Willkomen in der Wunderwelt des Internet. Natürlich weiss ein Server (von einem Forum und allem, was Du sonst ansurfst), von welcher IP-Adresse zugegriffen wird. Dir das in die Antwortseite einzufügen, ist nur ein Gag als Erinnerung, dass das Internet eben kein anonymes Meer ist. Natürlich wird jede Internetverbindung irgendwo abgehört, ohne ein klein wenig Aufwand ist aber der aktuelle Benutzer einer Verbindung nicht sofort ersichtlich, da ist ja eben das Dialin-Net als Puffer zwischen. 

Normalerweise ist man ein zu kleines Würstchen, um den Aufwand wert zu sein. Ich persönlich halte Nichts vom Verstecken, wenn Alle die Lauscher mit Informationen zumüllen, ist der Aufwand etwas Verwertbares herauszuprofilieren ziemlich unverhältnismässig.

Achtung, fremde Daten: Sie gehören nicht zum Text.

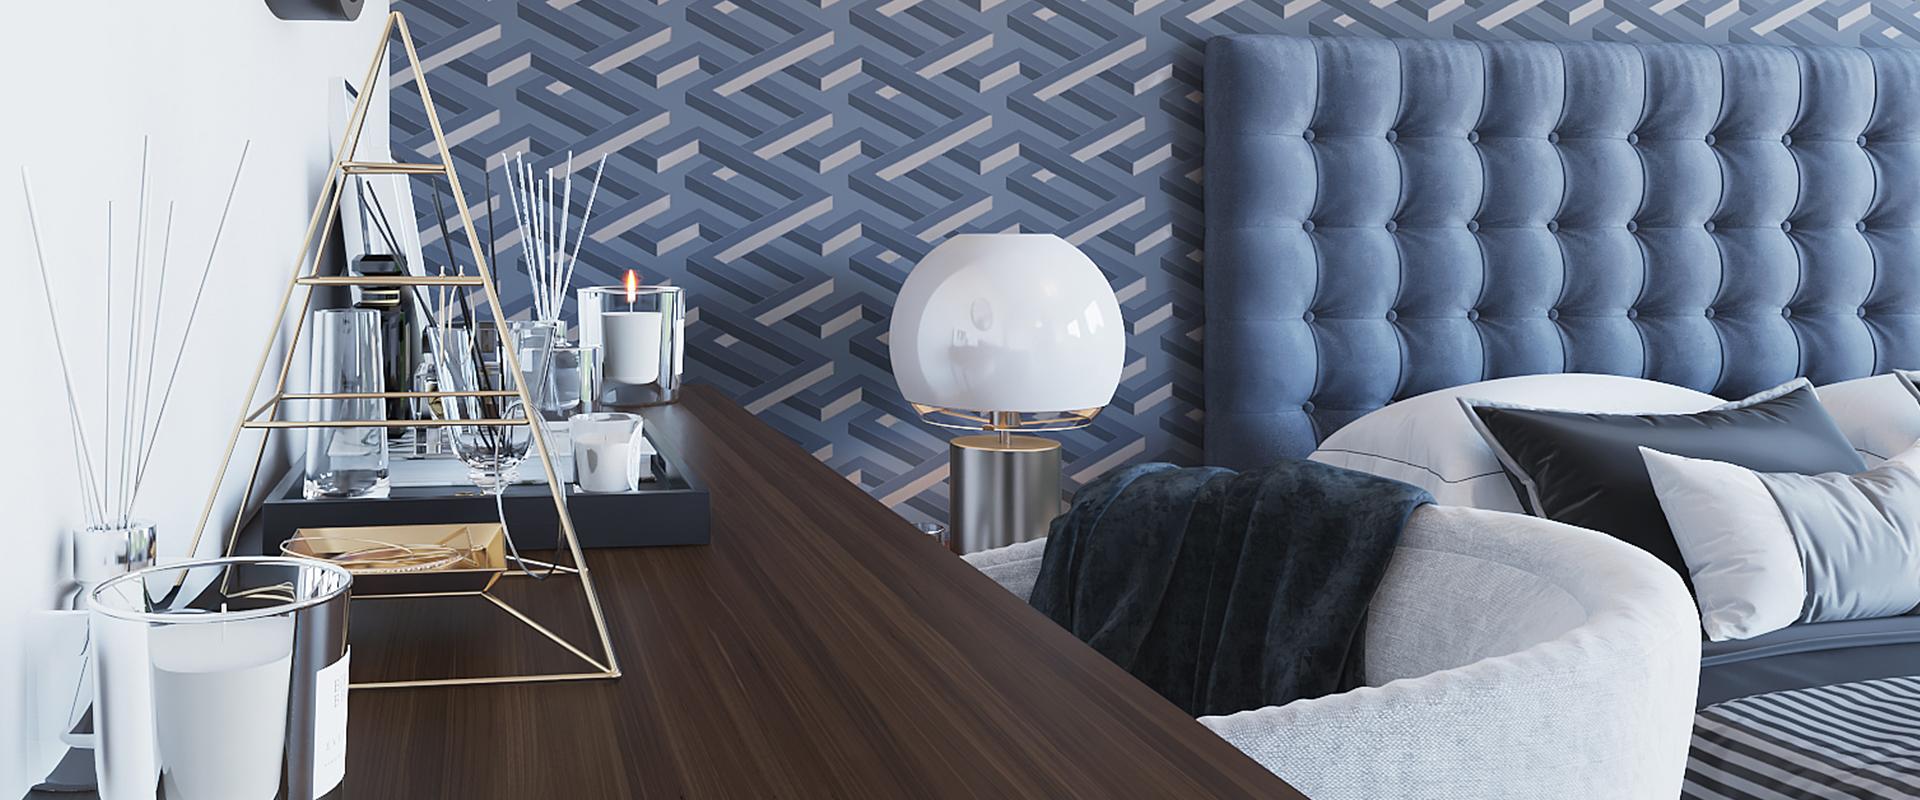 A L&Q bedroom

Sollte man Dich allerdings strafrechtlich verfolgen, legen T-Com und T-Online aber gerne die Postadresse zu dem Anschluss auf, der zu einer bestimmten Zeit eine bestimmte IP-Adresse des Dialin-Net benutzt hat.....

/ESC


----------



## Rudolf Rednose (5 Mai 2005)

*Danke für die Infos*

Hallo Technofreak und ESC,

zwar kommt meine Antwort ziemlich spät und läßt sich nicht damit entschuldigen, dass einem als Alleinstehendem mit zwei Mädchen und Berufstätigkeit manchmal die Zeit davonrennt....trotzdem möchte ich Euch für die Hintergrundinformationen herzlich danken.

Für die Zukunft habe ich mir vorgnommen wenigstens einmal pro Woche bei Dialerschutz.de reinzusehen, denn das Forum gefällt mir sehr gut.

Auf Wiedersehen in der virtuellen- und eine angenehme Woche in der realen Welt.

Tschüs

Rudolf Rednose


----------